The history of the previous values of references is stored in .git/logs:

Shell
$ tree --noreport .git/logs
.git/logs
├── HEAD
└── refs
    ├── heads
    │   └── master
    ├── remotes
    │   └── origin
    │       ├── HEAD
    │       └── master
    └── stash

The above directory tree shows where the history of HEAD is stored: in .git/logs/HEAD.

Each git branch has its own history, under .git/logs/refs/heads. Internally, git refers to branches as heads. This might seem confusing; you will get used to it.

Each remote HEAD has its history stored under .git/logs/refs/remotes/<remote_name>/HEAD.

Each remote branch has its history stored under .git/logs/refs/remotes/<remote_name>/<branch_­name>.

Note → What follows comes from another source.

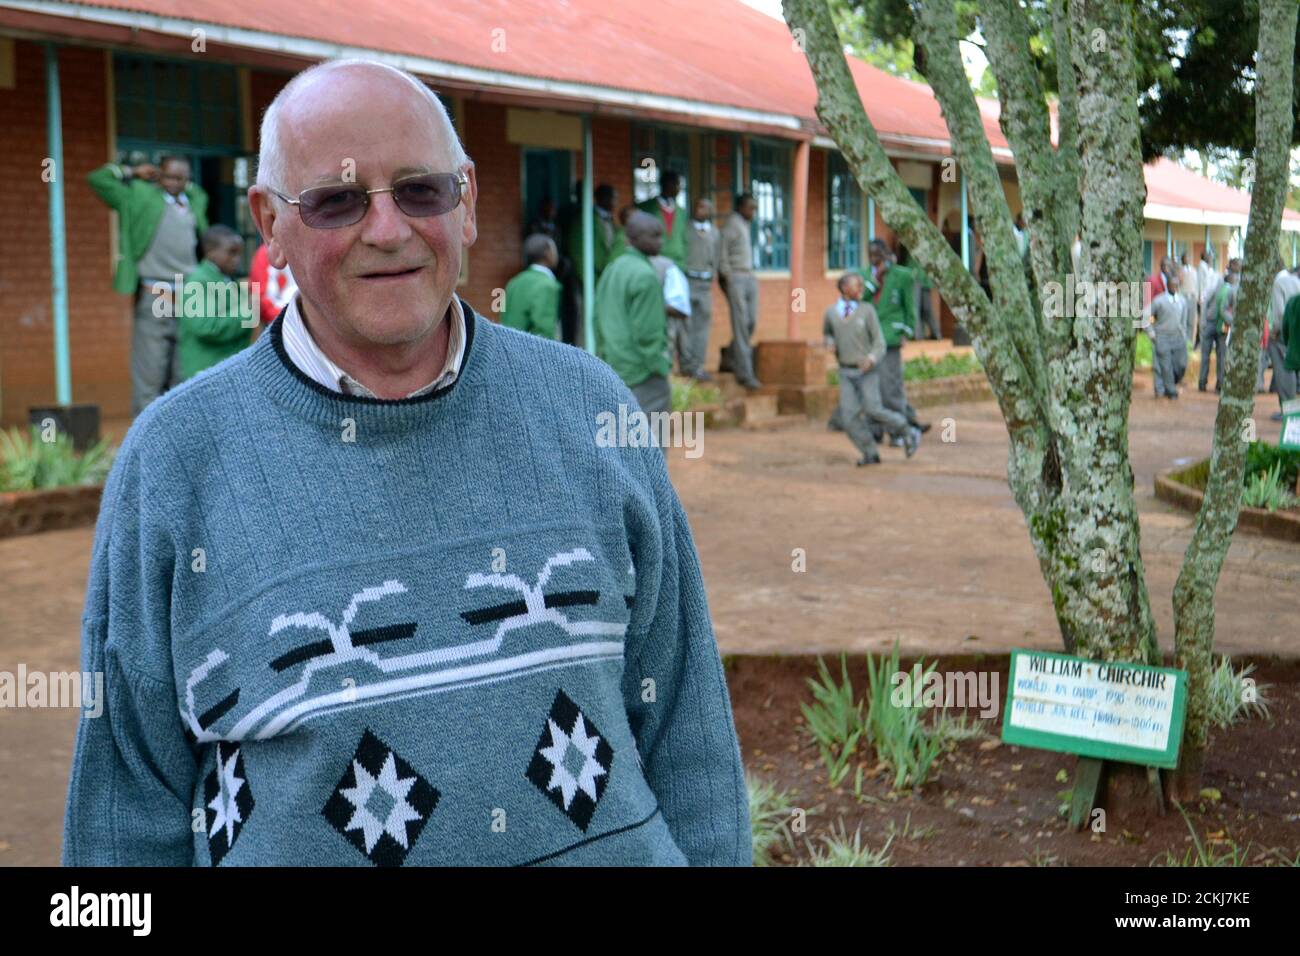 Brother Colm O'Connell poses for a photo at St Patrick's High School, where trees have been planted to honour former pupils who have gone on to become world champions, in Kenya's Iten village June 28, 2012. O'Connell, an Irish missionary who started the first athletics training camp in the Kenyan highlands, never imagined a small village in the Great Rift Valley would become a production line of running talent. Picture taken June 28, 2012. REUTERS/Drazen Jorgic (KENYA - Tags: SPORT ATHLETICS OLYMPICS) Stock Photo
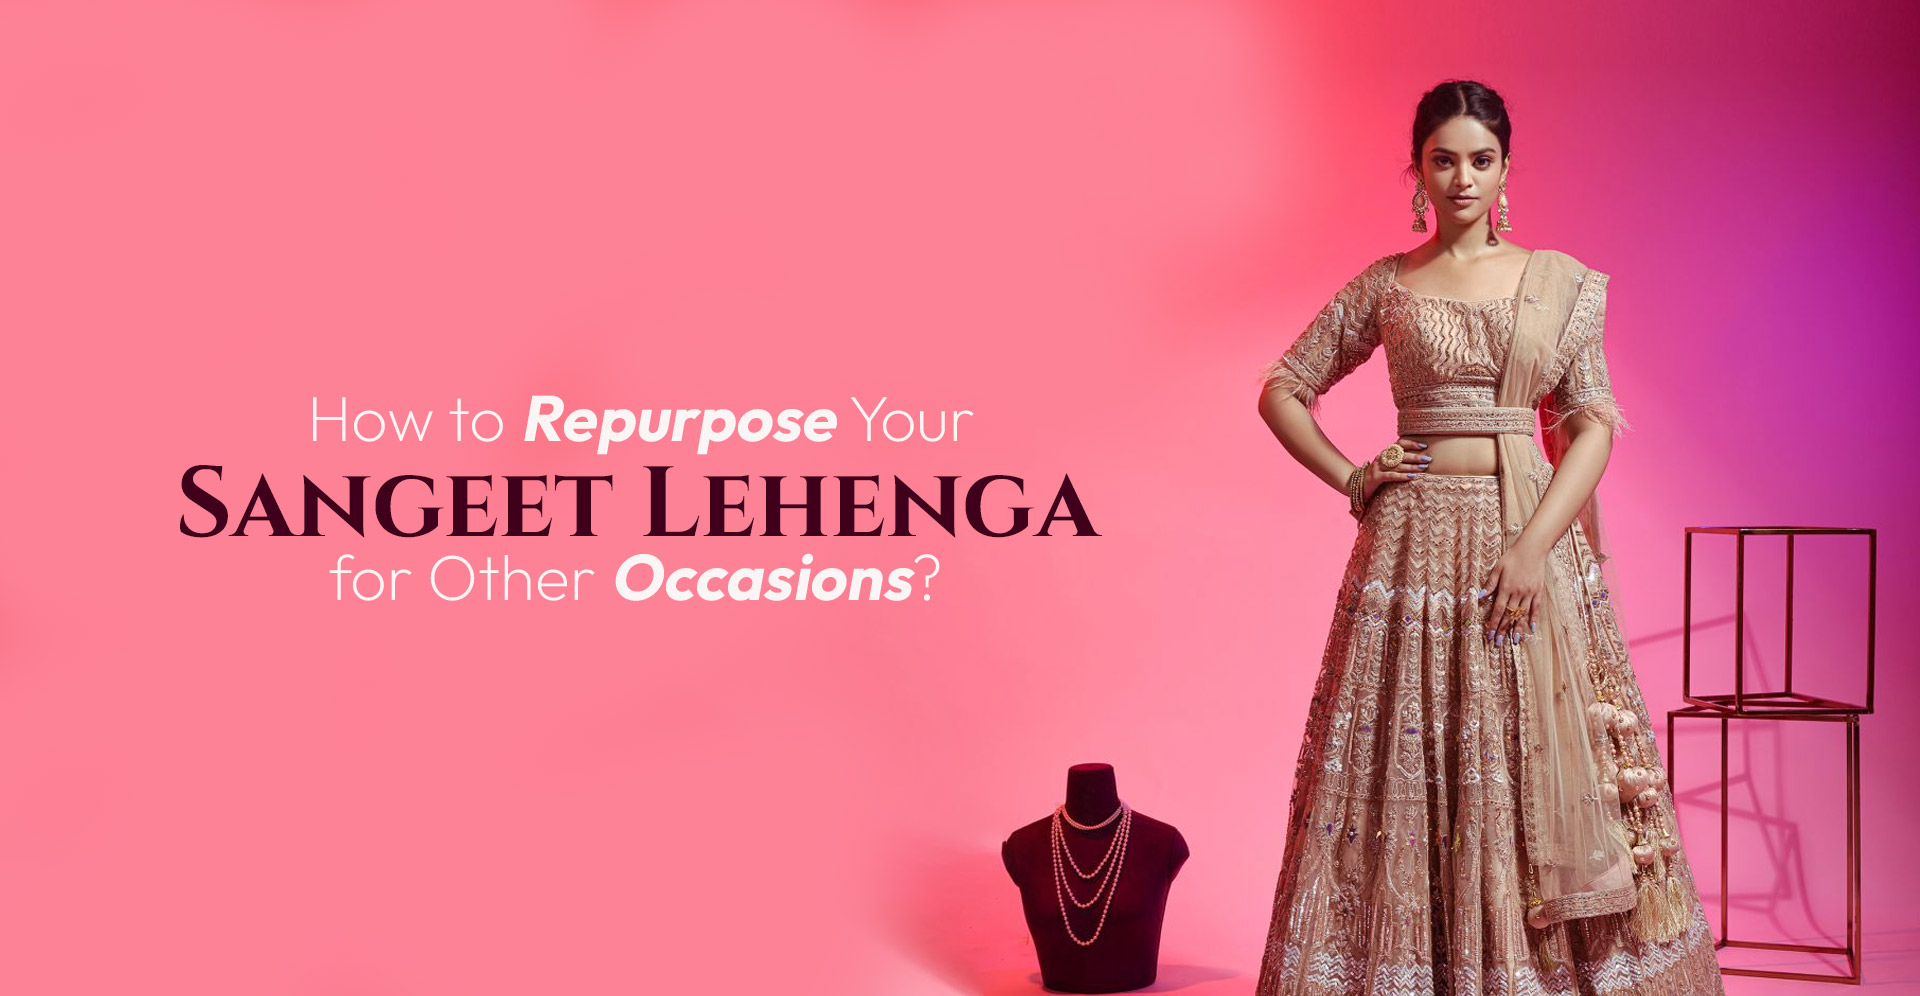 How to Repurpose Your Sangeet Lehenga for Other Occasions?

Access the reference log by indexing a reference @{using braces}, preceded by an @ character. For example, the previous HEAD can be written like this: HEAD@{1}.

Terms

The Git Glossary defines many terms, and StackOverflow clarifies them. I have expanded on some definitions:

Commit-ish
The SHA of a commit, or an annotated tag that points at a commit. All commit-ish references are also tree-ish.
Tree-ish
Any identifier that points to a subdirectory tree. Git refers to directories as trees and tree objects. The general form is: <rev>:<path>.
To break this down, first there might be an optional prefix, delimited by a colon (:), followed by the name of the blob or tree at the given path.
For example: HEAD:README, :README, master:path/to/file, and master:README.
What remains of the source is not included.